超大规模高性能计算（HPC）为推动计算流体力学（CFD）的发展提供了巨大机遇，但尽管使用图形处理器（GPU）已成为大势所趋，可编程性仍是一个问题。STREAmS-2（Bernardini et al.Phys.285 (2023) 108644）是一个用于典型壁界湍流的可压缩求解器，能够充分利用英伟达™（NVIDIA®）图形处理器的潜力。在此，我们使用针对 AMD GPU 架构的新型 HIP 后端扩展了已有的 CUDA Fortran 后端。我们讨论了主要的实施策略，以及一个新颖的 Python 工具，该工具可以生成 HIP 和 CPU 代码版本，使开发人员只需关注 CUDA Fortran 后端。分析的重点是英伟达™（NVIDIA®）A100 和 AMD MI250x 显卡的单 GPU 性能，这些显卡目前是多个高性能计算集群的核心。研究发现，英伟达™（NVIDIA®）显卡的 GPU 峰值性能与 STREAmS-2 性能之间的差距通常较小。
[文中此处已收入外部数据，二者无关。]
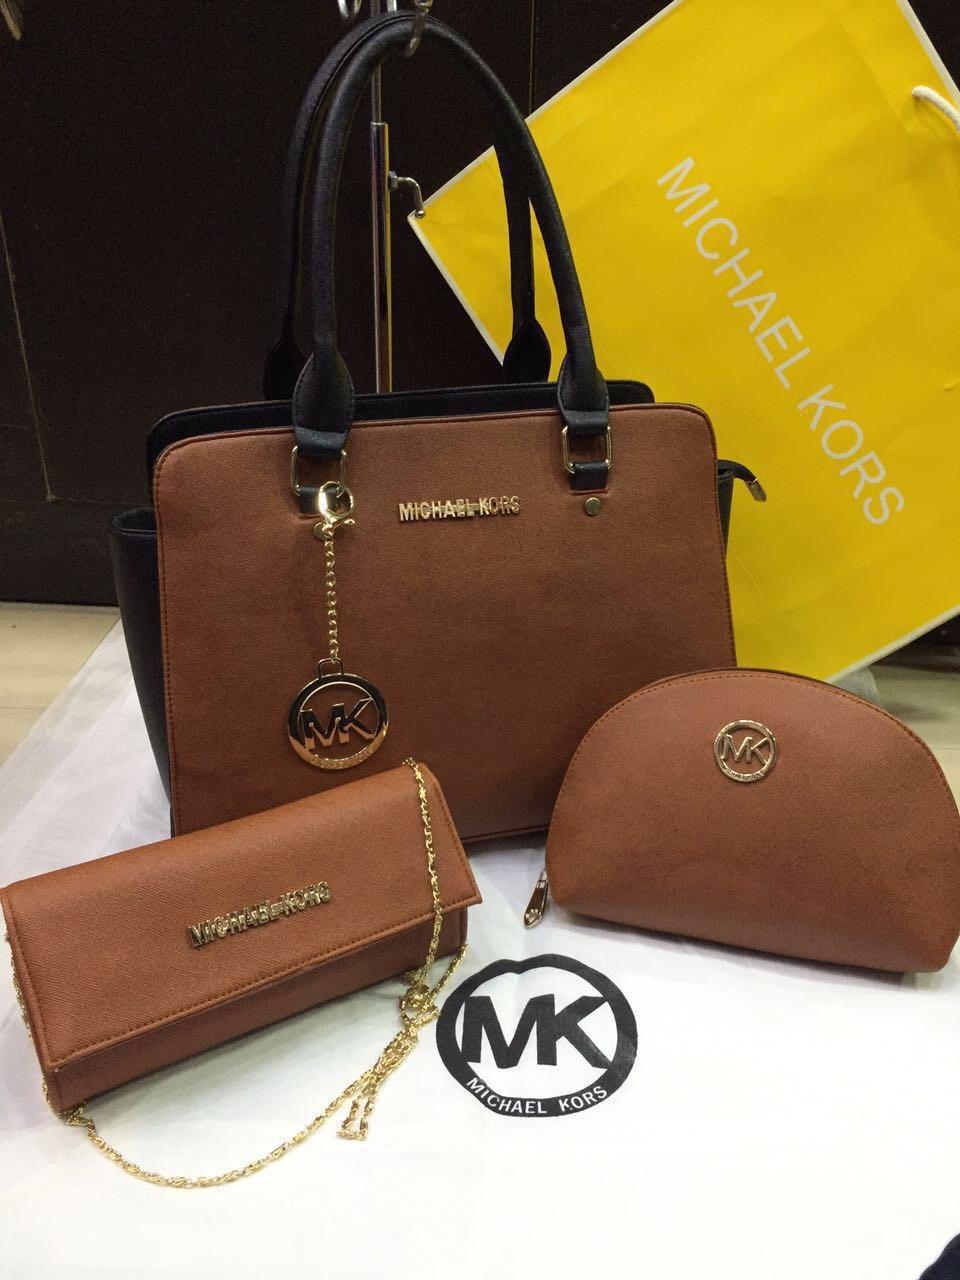 ✨MK Double colour combo ✨✨  ⚡Price :1650+shipping ⚡  💠Limited stock 💠  Whatsapp num 9893705556   #glitzygallery #HandBag #KeepItStylish #handbag#handbagslove#handbagsbrand#hangbags#trendybags#casaul#handbags#spacious#bags#stylish#goodleather#partywear#casualwear#lightweight#lookgo#handbagsessentials #dior #mk #mkbags #mkbag #classylook #brandlove #michaelkors #michaelkorsbag

通过屋顶线分析，可以追溯到使用这两种显卡的同一内核的计算强度出乎意料地不同。还进行了其他单 GPU 比较，以评估网格大小、并行循环数量、线程屏蔽和线程分歧的影响。并行性能在两个最大的 EuroHPC 预级联系统 LUMI（AMD GPU）和 Leonardo（NVIDIA GPU）上进行了测量。强可扩展性表明，Leonardo 16 节点和 LUMI 32 节点的效率分别超过 80%。弱可扩展性显示，在测试的最大节点数（LUMI 为 256 节点，Leonardo 为 512 节点）范围内，效率超过 95%，令人印象深刻。这项分析表明，STREAmS-2 是充分利用欧洲当前超大规模前 HPC 系统能力的最佳选择，它允许用户模拟超过万亿个网格点的流动，从而缩小了高保真模拟中可实现的雷诺数与实际工程应用中的雷诺数之间的差距。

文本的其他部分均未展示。